Des personnages à la vibrance saisissante
« Je peins les gens que je vois dans la rue, et, avec eux, la multitude des races présentes dans chaque Brésilien », nous dit l’artiste, appuyé nonchalamment à un mur de la galerie Le Feuvre, une casquette vissée sur la tête. Des personnages au parcours plus ou moins erratique qui transmettent leur histoire de ville en ville, en Allemagne, en Espagne ou en Ecosse. Sa dernière et gigantesque création, intitulée Cup of tea, peinte sur l’une des façades de la Tate Modern, l’année dernière à Londres, dans le cadre de l’exposition dédiée au « street art » mondial, n’est pas passée inaperçue : un colosse aborigène porte délicatement à ses lèvres une tasse de thé, petit doigt levé. Ironique pied de nez à une certaine culture anglo-saxonne !

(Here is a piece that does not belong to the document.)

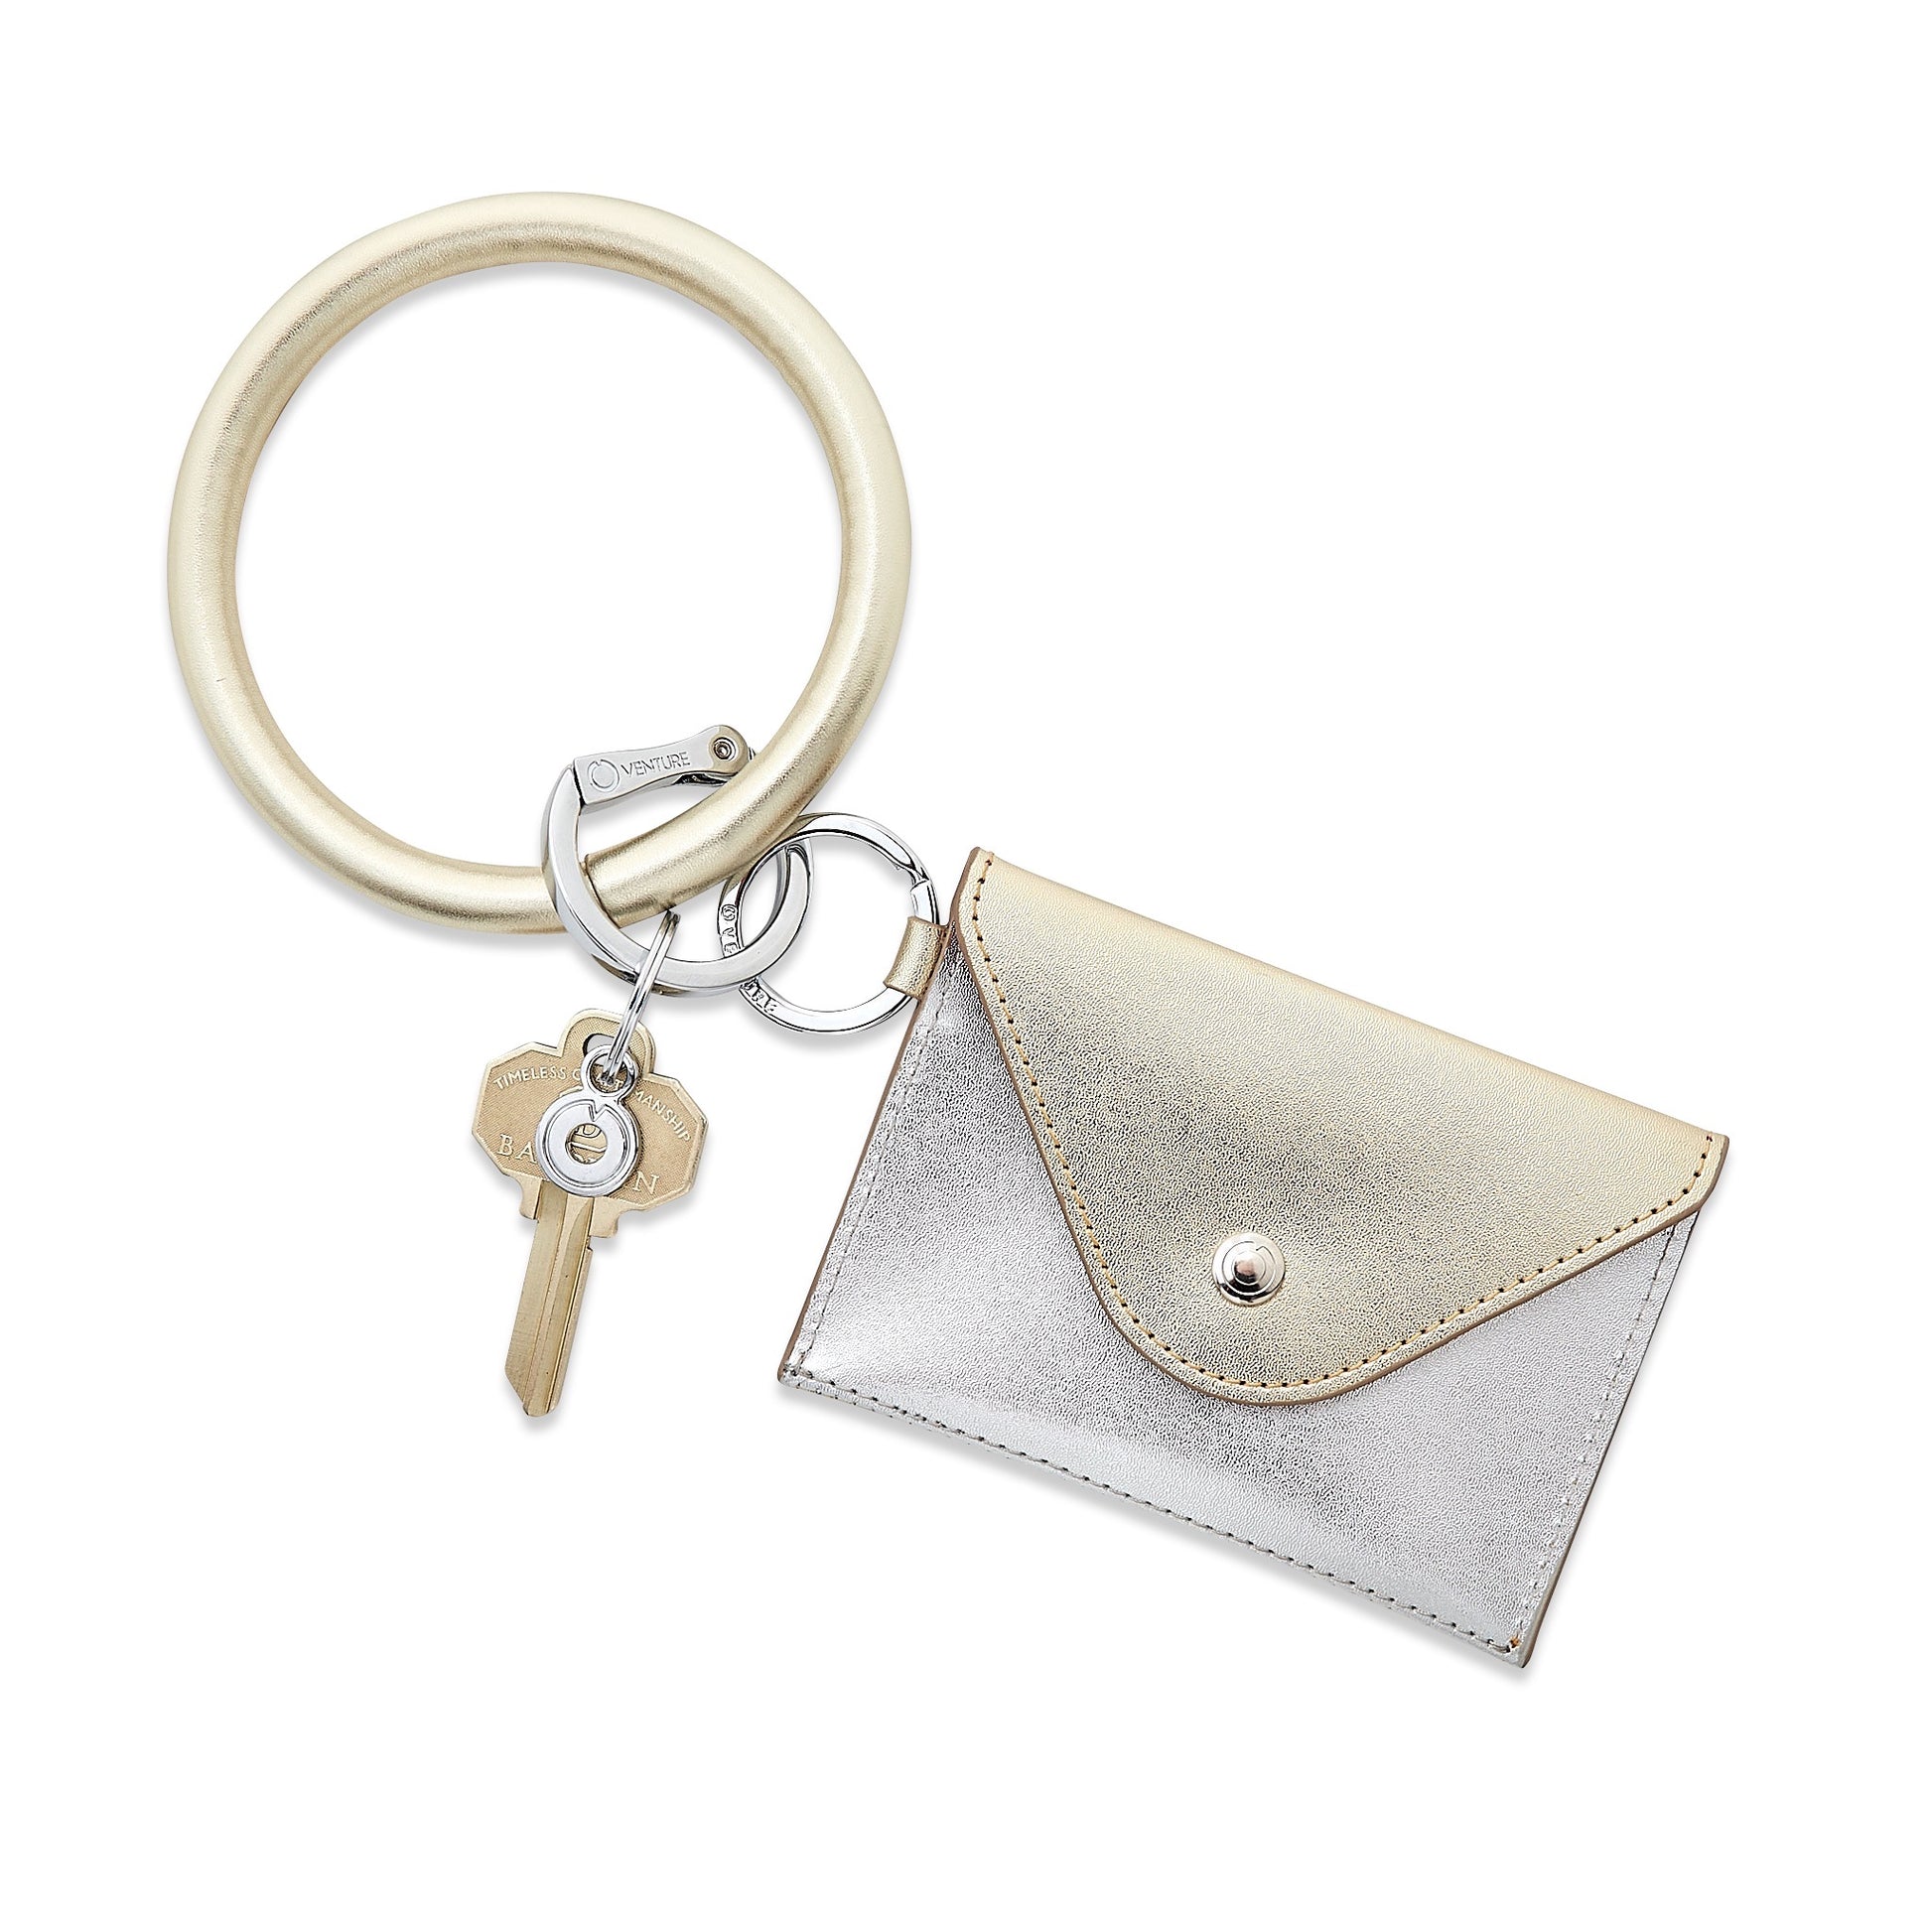 Stylish leather keychain wallet in mini envelope design shown with O Venture keychain.

Pour sa première exposition à Paris, Nunca présente d’immenses portraits, tous de même taille, qui empruntent autant au primitivisme de l’art indigène qu’ils font appel aux techniques anciennes. Les teintes terreuses, prédominantes, sont obtenues à partir d’un pigment rouge, l’urucum, à la base des anciennes peintures corporelles traditionnelles. Des hachures à l’aérosol gravent des ombres à la manière des vieux « comics » américains. Les personnages explosent littéralement par leur présence vibrante, saisissante, par l’intimité secrète qu’ils révèlent.
Sao Paulo.
Un véritable manifeste
Par ces combinaisons géométriques et figuratives, l’enfant de Sao Paulo réaffirme le caractère hétérogène de la société brésilienne, mélange d’Indiens, de Blancs issus de la colonisation portugaise au XVIe siècle, et de Noirs descendants de la traite négrière : une richesse dont l’artiste dénonce la mise en péril due à l’exploitation abusive des ressources du pays par l’étranger. Ces convictions politiques ont conduit Nunca à intituler l’exposition Pau Brazil is over !!!, en référence à l’arbre brésilien, au bois dense et au cœur orange rouge, découvert par les explorateurs portugais, et qui est aujourd’hui en voie de disparition en raison d’une déforestation massive servant à alimenter les marchés à l’exportation. Par là, le peintre populaire s’interroge « sur la capacité de la culture traditionnelle brésilienne à se mélanger, se maintenir ou se perdre dans la globalisation. » Une question qui souligne la difficulté du pays à accepter ses origines et à fondre sa population d’origine noire dans le melting-pot brésilien.
Au risque de provoquer quelques grimaces chez certains, c’est à un véritable manifeste pour la reconnaissance d’une nation brésilienne métissée auquel l’artiste nous invite. En choisissant la peinture murale et le graffiti, éphémère par essence, et le désir militant qu’induit le sacrifice d’une partie de son œuvre, Nunca s’impose aujourd’hui sur la scène des jeunes artistes brésiliens engagés.